Planned comparisons are used when you do have a priori hypotheses about the nature of differences across your groups. Typically, this involves comparing two means, so the concern about Type I error rate inflation is not an issue. Planned comparisons involve the use of contrast coefficients, which allow you to “chunk” groups together to compare to another “chunk” of groups (or maybe just one group—for example, if you had three experimental conditions and a control condition, you could use contrasts to compare the three experimental groups together versus the control condition).

14.3 Factorial ANOVA

Please read the following resources:

A factorial ANOVA is used when you have more than one categorical independent variable. If you have two independent variables that each have two levels, this is referred as a 2x2 design. If you had two independent variables, one with two levels and one with three, this would be a 2x3 design.

Let’s take the example of a 2x2 ANOVA. A researcher is interested in the effect of an anti-depressant drug on men and women. She randomly assigns a group of 10 men and 10 women to receive either the drug or a placebo (control). She is interested in whether the effect of the drug on depression symptoms is the same for men and women. In other words, she is interested in the interaction of treatment and drug.

Simple 2 x 2 Factorial Design:

  • Independent Variable #1 (Factor A): Gender – participants are either male or female
  • Independent Variable #2 (Factor B): Treatment – participants either receive the drug or receive a placebo (also called a control condition)

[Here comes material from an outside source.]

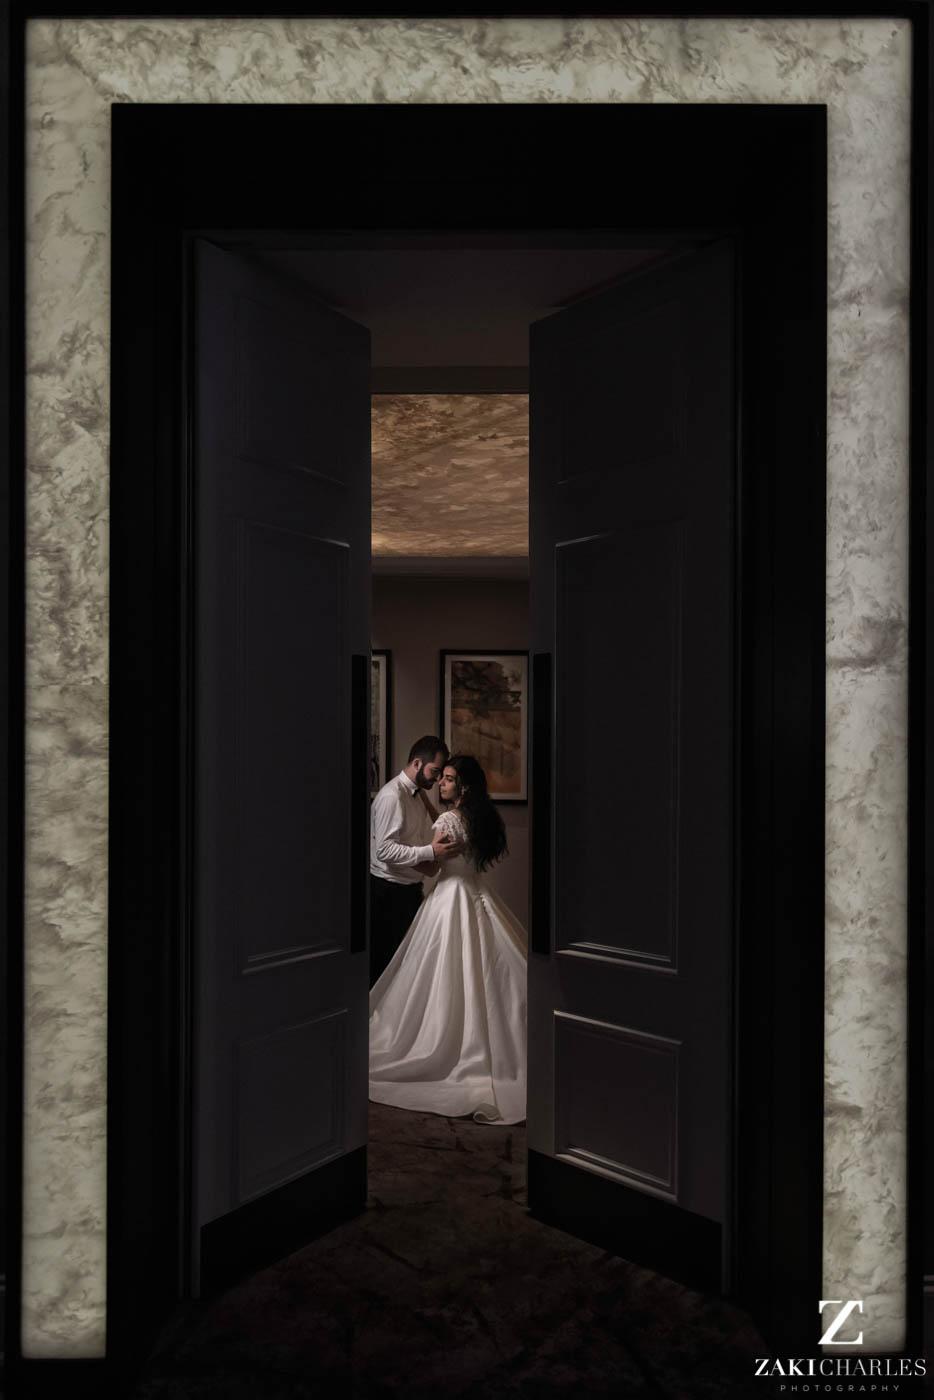 Fine art wedding photography at Marriott Hotel Regents Park 5

With a factorial design, you can ask the following questions:

  • Is there an overall main effect of independent variable #1? – Is there a significant difference in depression between the treatment and no treatment groups?
  • Is there an overall main effect of independent variable #2? – Is there a significant difference in depression between men and women?
  • Is there an interaction between the two independent variables, such that the effect of one independent variable depends of the level of the other independent variable? – Does the effect of the drug on depression depend on whether participants were male or female?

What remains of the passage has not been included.